Work instructions
A faithful copy is needed of the lines below from the one with "Stripes vliesbehang in" up to and including the one with "9.0Ah Cyberpower RC"; set it down with no pictures and no other lines.

Data provided
-*-
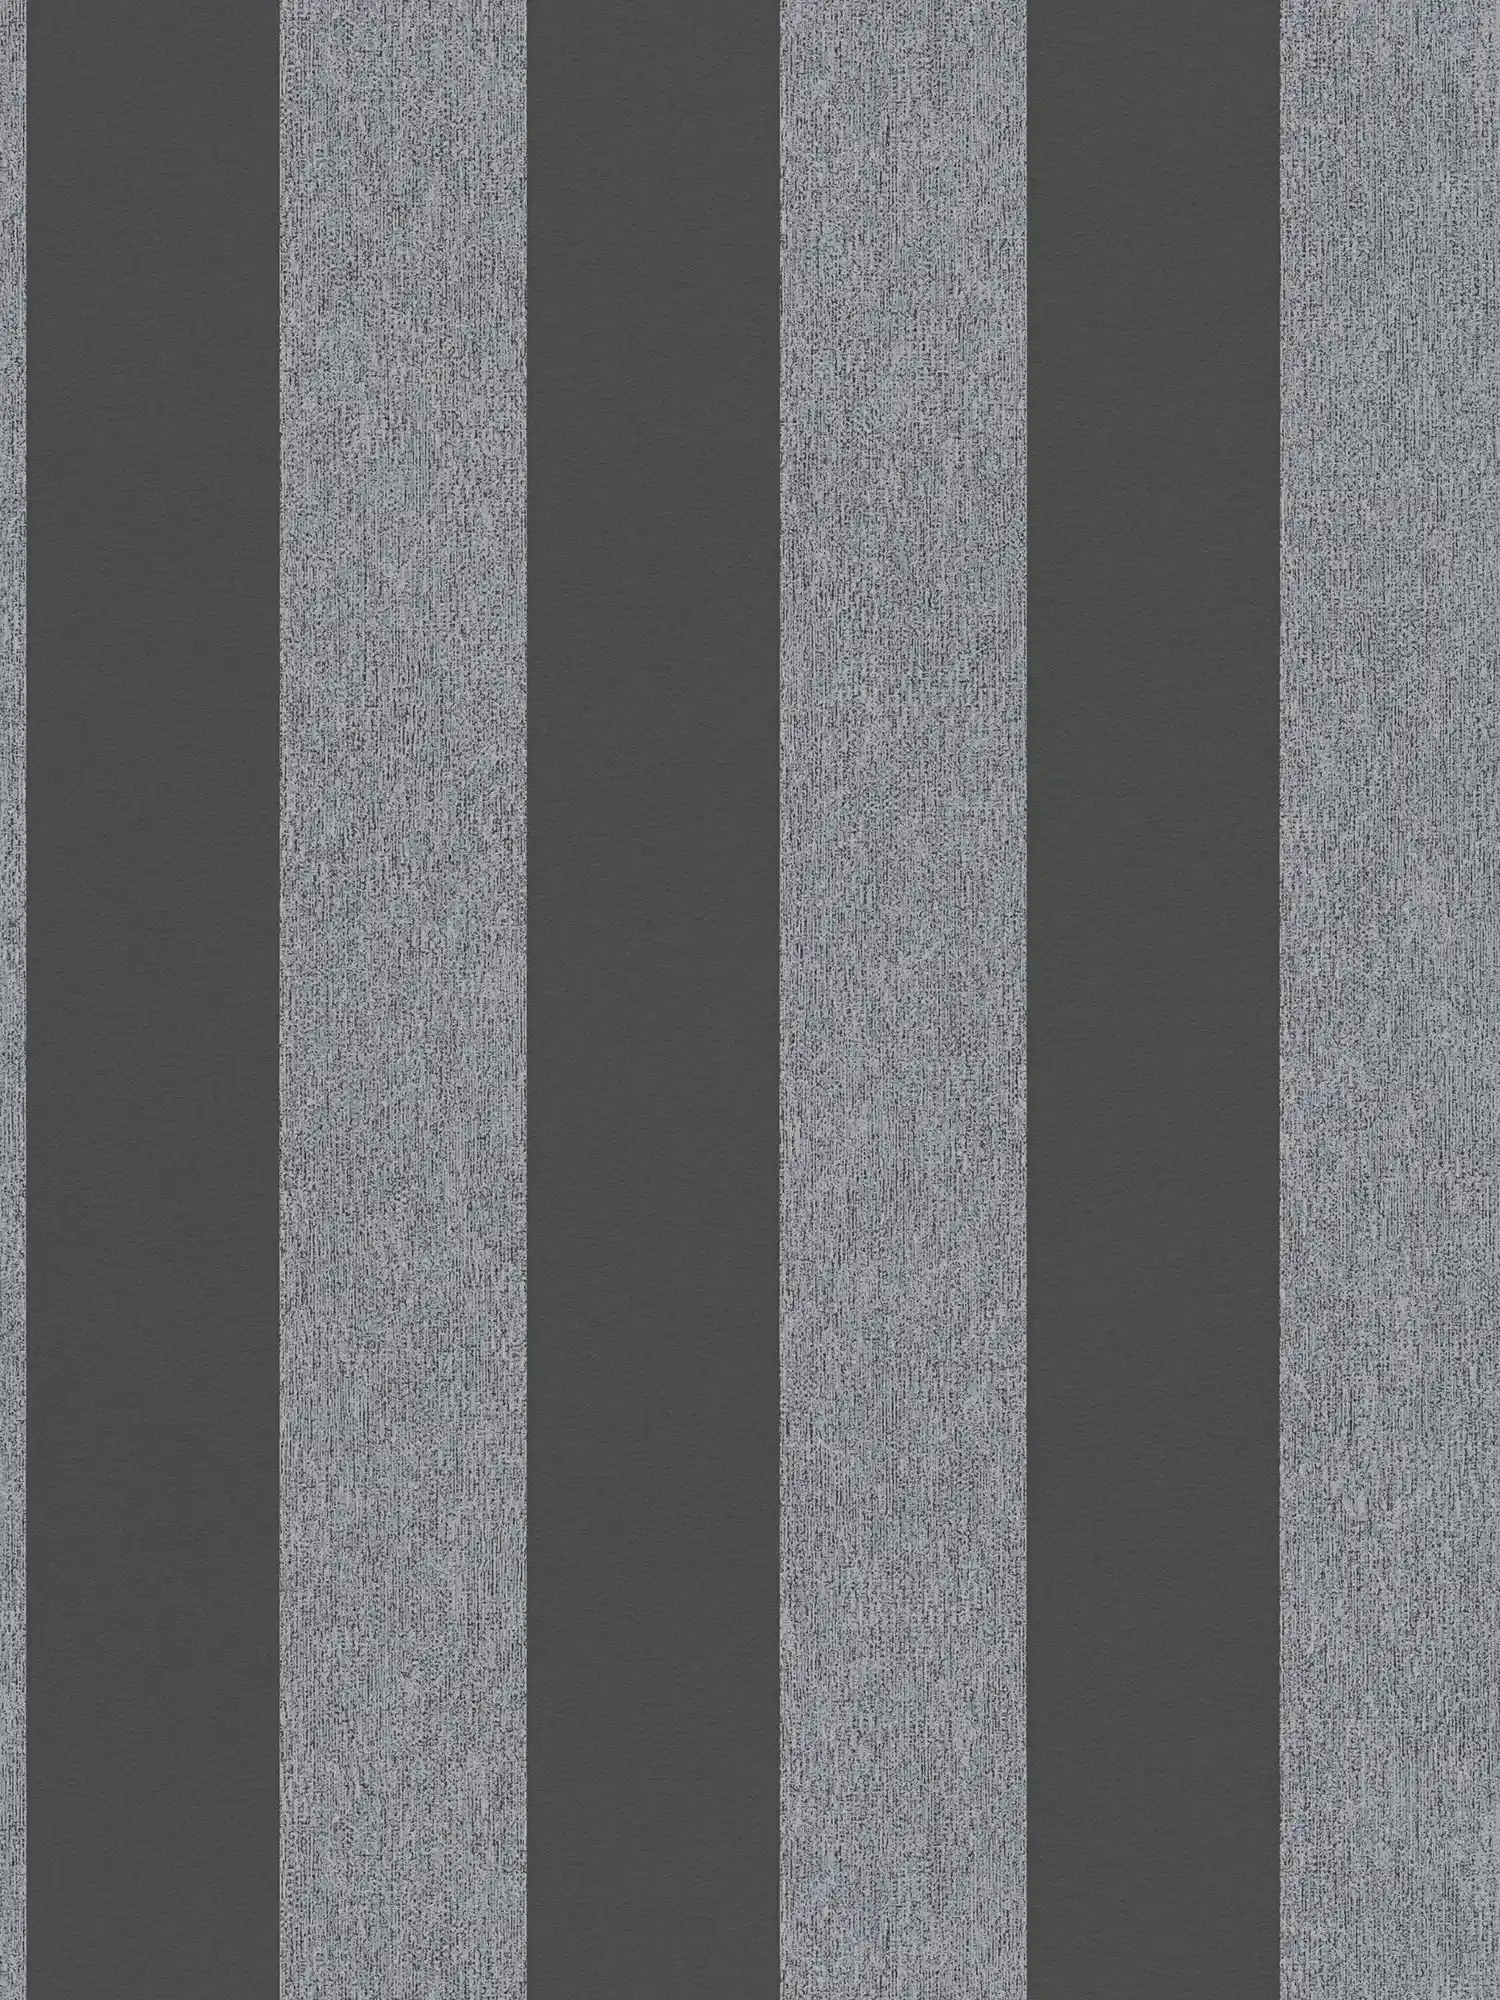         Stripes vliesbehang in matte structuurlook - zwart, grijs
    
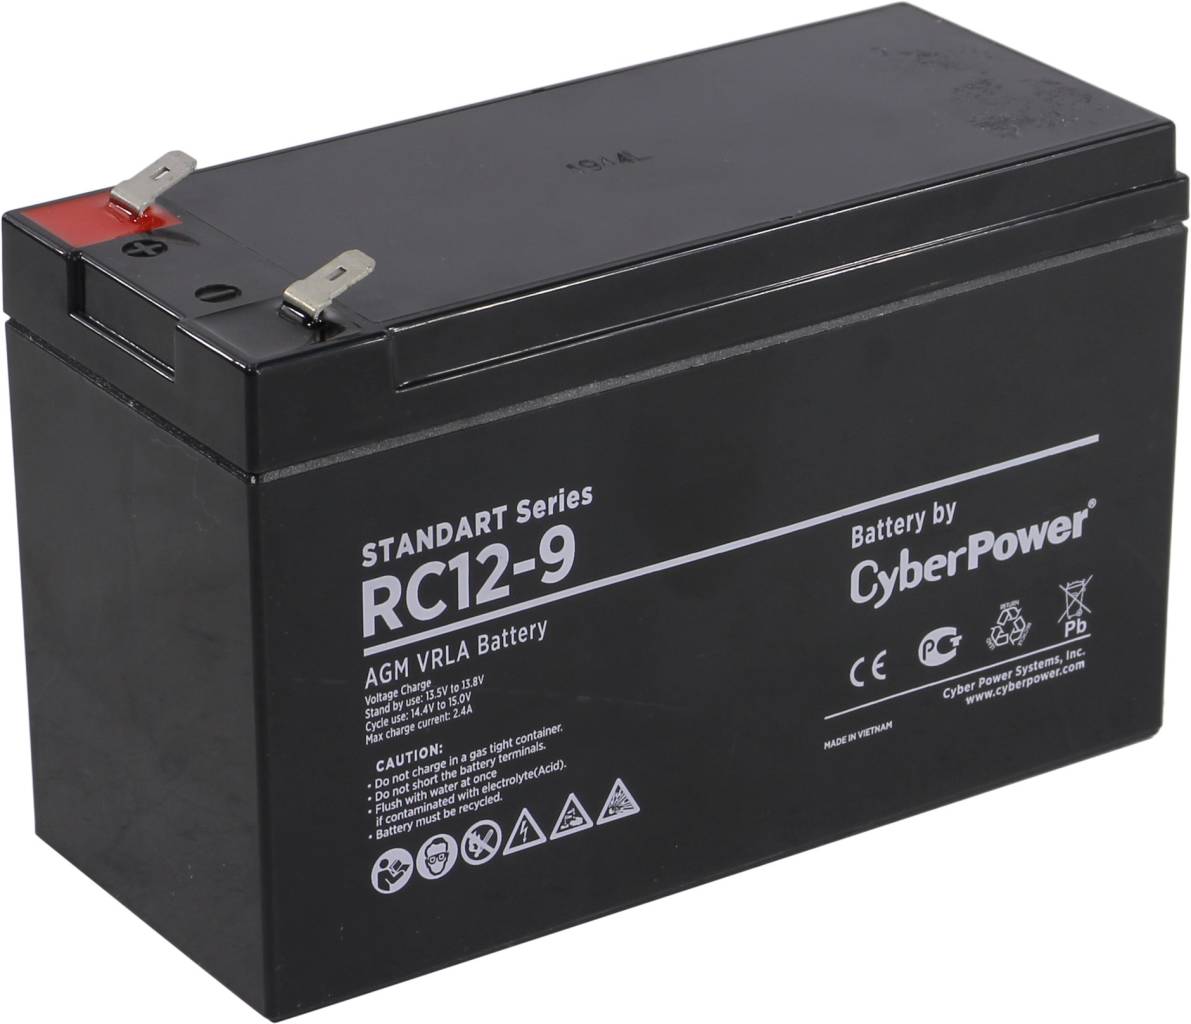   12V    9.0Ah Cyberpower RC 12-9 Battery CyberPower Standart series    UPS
-*-
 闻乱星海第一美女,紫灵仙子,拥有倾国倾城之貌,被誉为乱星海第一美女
-*-
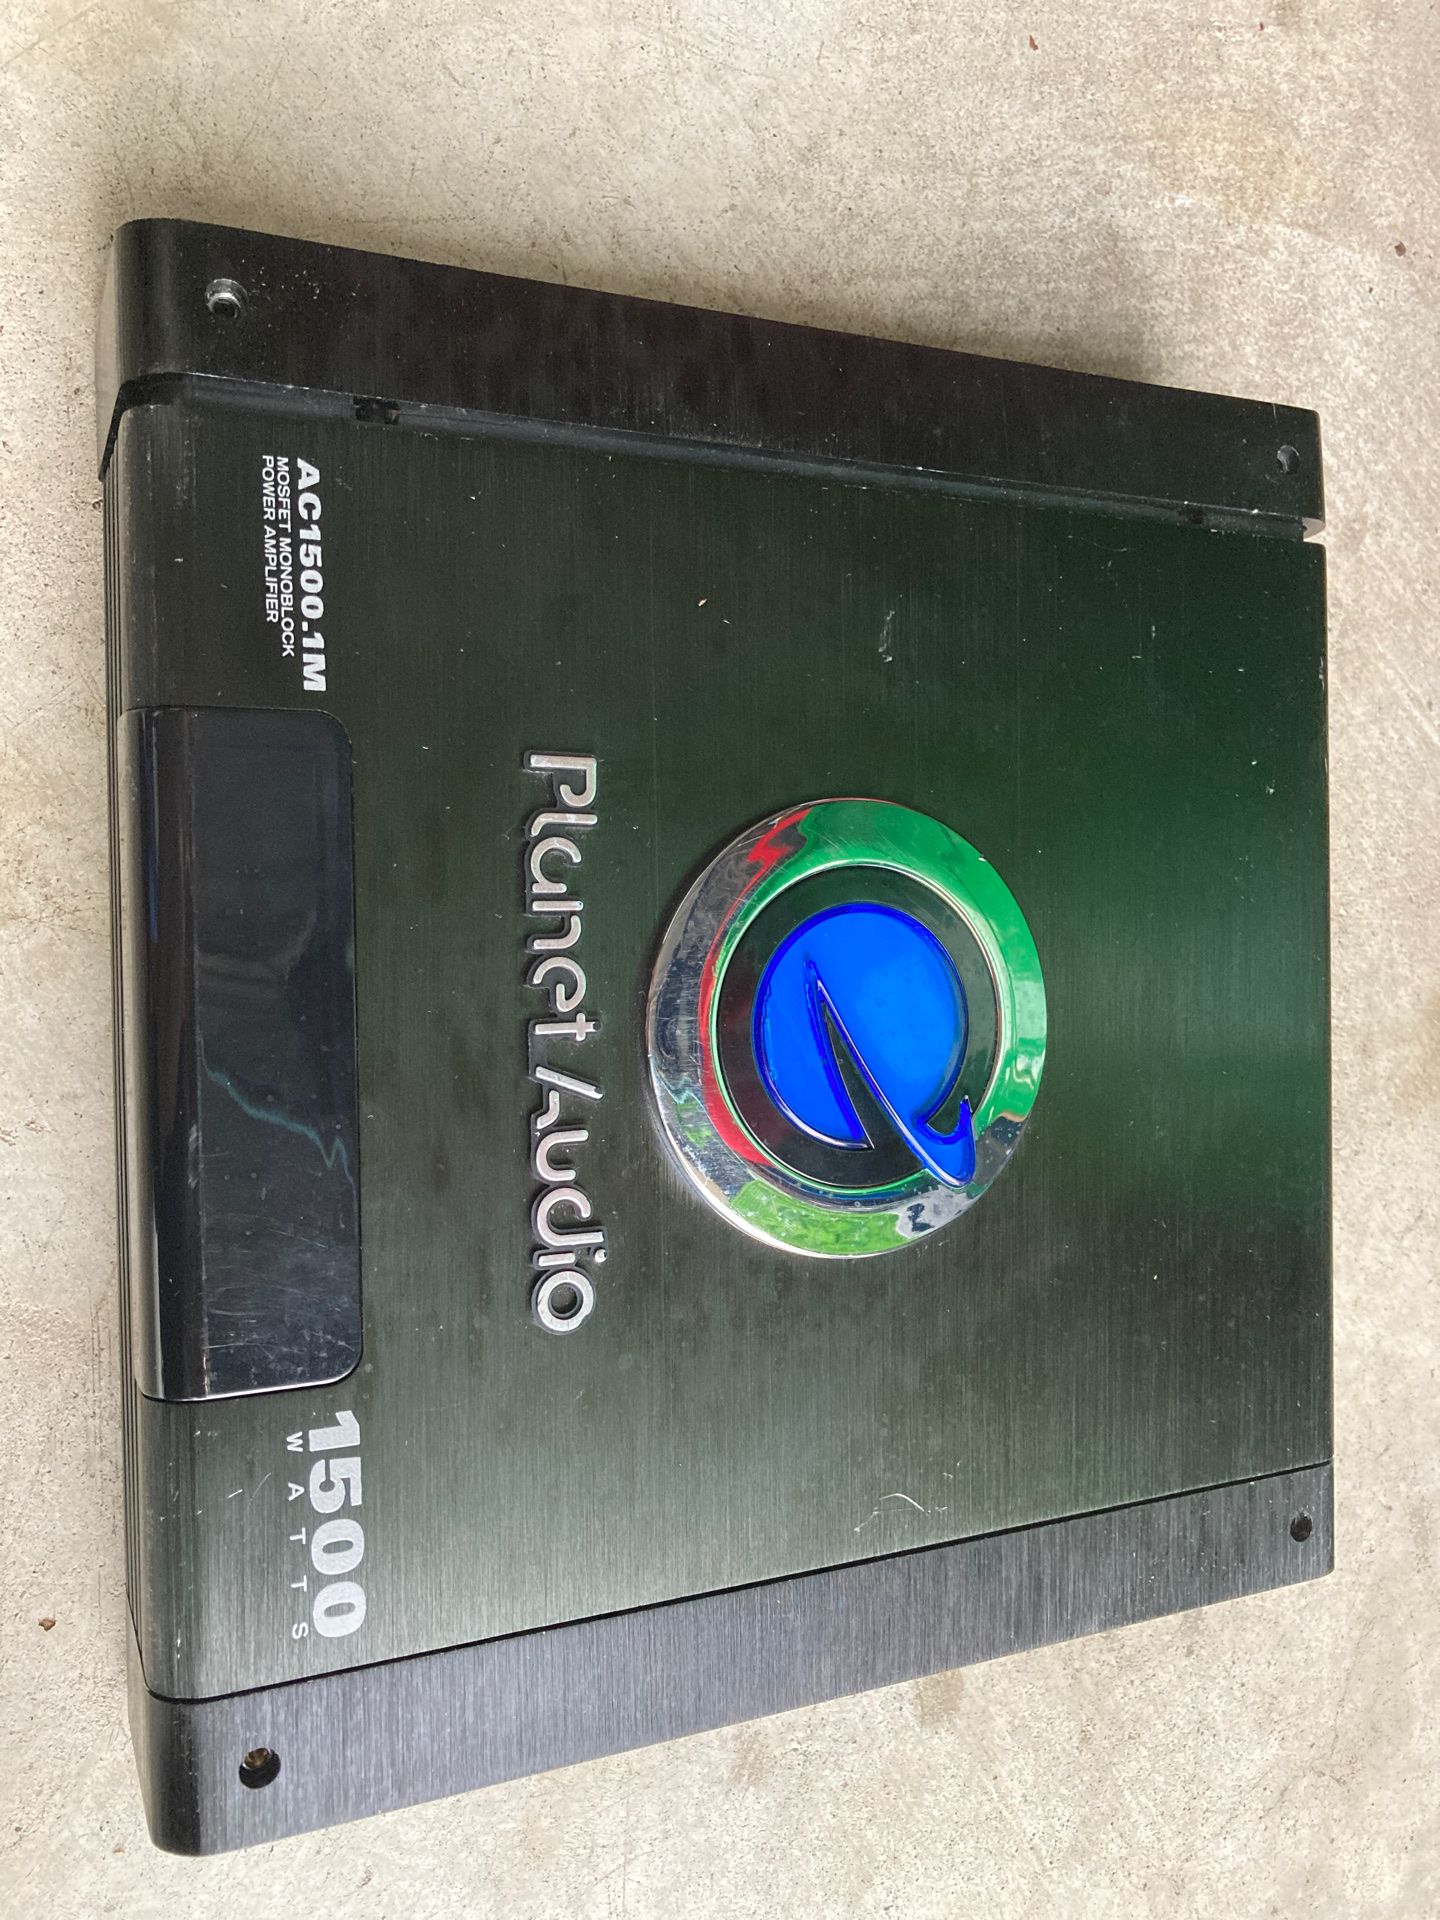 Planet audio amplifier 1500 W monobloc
-*-
Answer space
         Stripes vliesbehang in matte structuurlook - zwart, grijs
    
   12V    9.0Ah Cyberpower RC 12-9 Battery CyberPower Standart series    UPS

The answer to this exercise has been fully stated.